How do I avoid 20% tax on my 401k withdrawal? ›

Can you avoid taxes on 401(k) withdrawals?
  1. Contribute to a Roth 401(k). If your employer offers a Roth 401(k) option, you can contribute after-tax money to it. ...
  2. Convert to a Roth IRA. ...
  3. Delay withdrawals. ...
  4. Use tax credits and deductions. ...
  5. Manage withdrawals strategically.
Apr 25, 2024

What are the disadvantages of converting a traditional IRA to a Roth? ›

Since a Roth conversion increases taxable income in the conversion year, drawbacks can include a higher tax bracket, more taxes on Social Security benefits, higher Medicare premiums, and lower college financial aid.
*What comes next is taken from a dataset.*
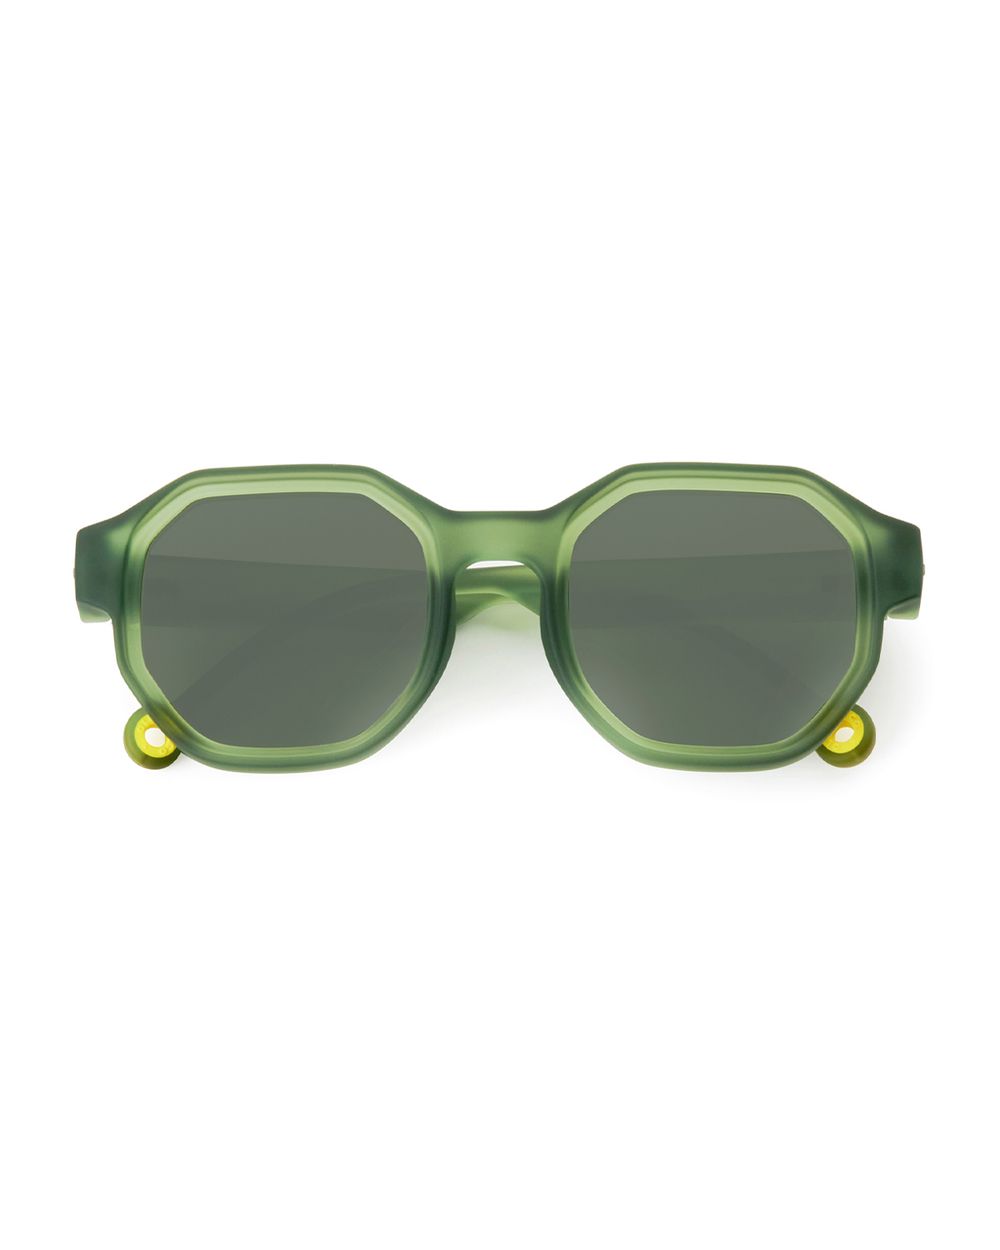 Junior, Adult Sunglasses Olive Green #D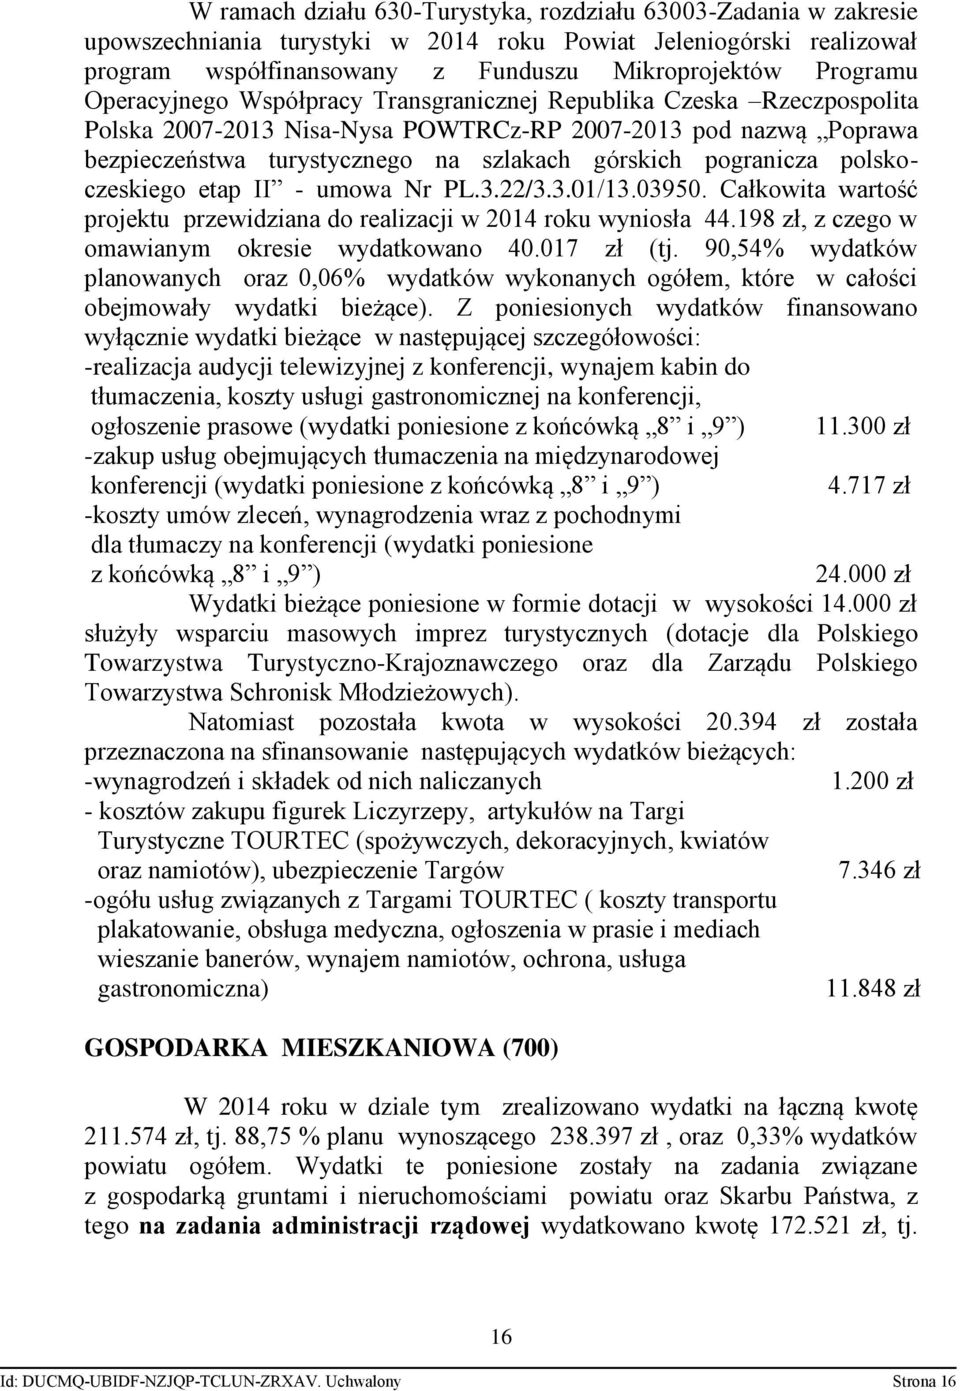 polskoczeskiego etap II - umowa Nr PL.3.22/3.3.01/13.03950. Całkowita wartość projektu przewidziana do realizacji w 2014 roku wyniosła 44.198 zł, z czego w omawianym okresie wydatkowano 40.017 zł (tj.

At what age is 401k withdrawal tax-free? ›

Employer-sponsored, tax-deferred retirement plans like 401(k)s and 403(b)s have rules about when you can access your funds. As a general rule, if you withdraw funds before age 59 ½, you'll trigger an IRS tax penalty of 10%.

What is the biggest difference between a traditional IRA and a Roth IRA? ›

With a Roth IRA, you contribute after-tax dollars, your money grows tax-free, and you can generally make tax- and penalty-free withdrawals after age 59½. With a Traditional IRA, you contribute pre- or after-tax dollars, your money grows tax-deferred, and withdrawals are taxed as current income after age 59½.

Why is a Roth 401K bad? ›

If you're saving exclusively in a Roth 401(k), your options to access that money are limited before the age of 59 1/2. While you can withdraw any amount you contributed to a Roth 401(k) at any time without taxes or penalties, the earnings typically cannot come out penalty-free before you reach age 59 1/2.

Should high earners use Roth 401K or traditional? ›

Tax diversification: High-income earners often find themselves in higher tax brackets. A Roth 401(k) account gives you more flexibility in managing your tax liability during retirement. Having a Roth account also allows you to be strategic about the tax treatment of your investment choices.

Does a Roth 401K reduce taxable income? ›

However, the Roth 401(k) earnings aren't taxable if you keep them in the account until you're 59 1/2 and you've had the account for five years. Unlike a tax-deferred 401(k), contributions to a Roth 401(k) do not reduce your taxable income now when they are subtracted from your paycheck.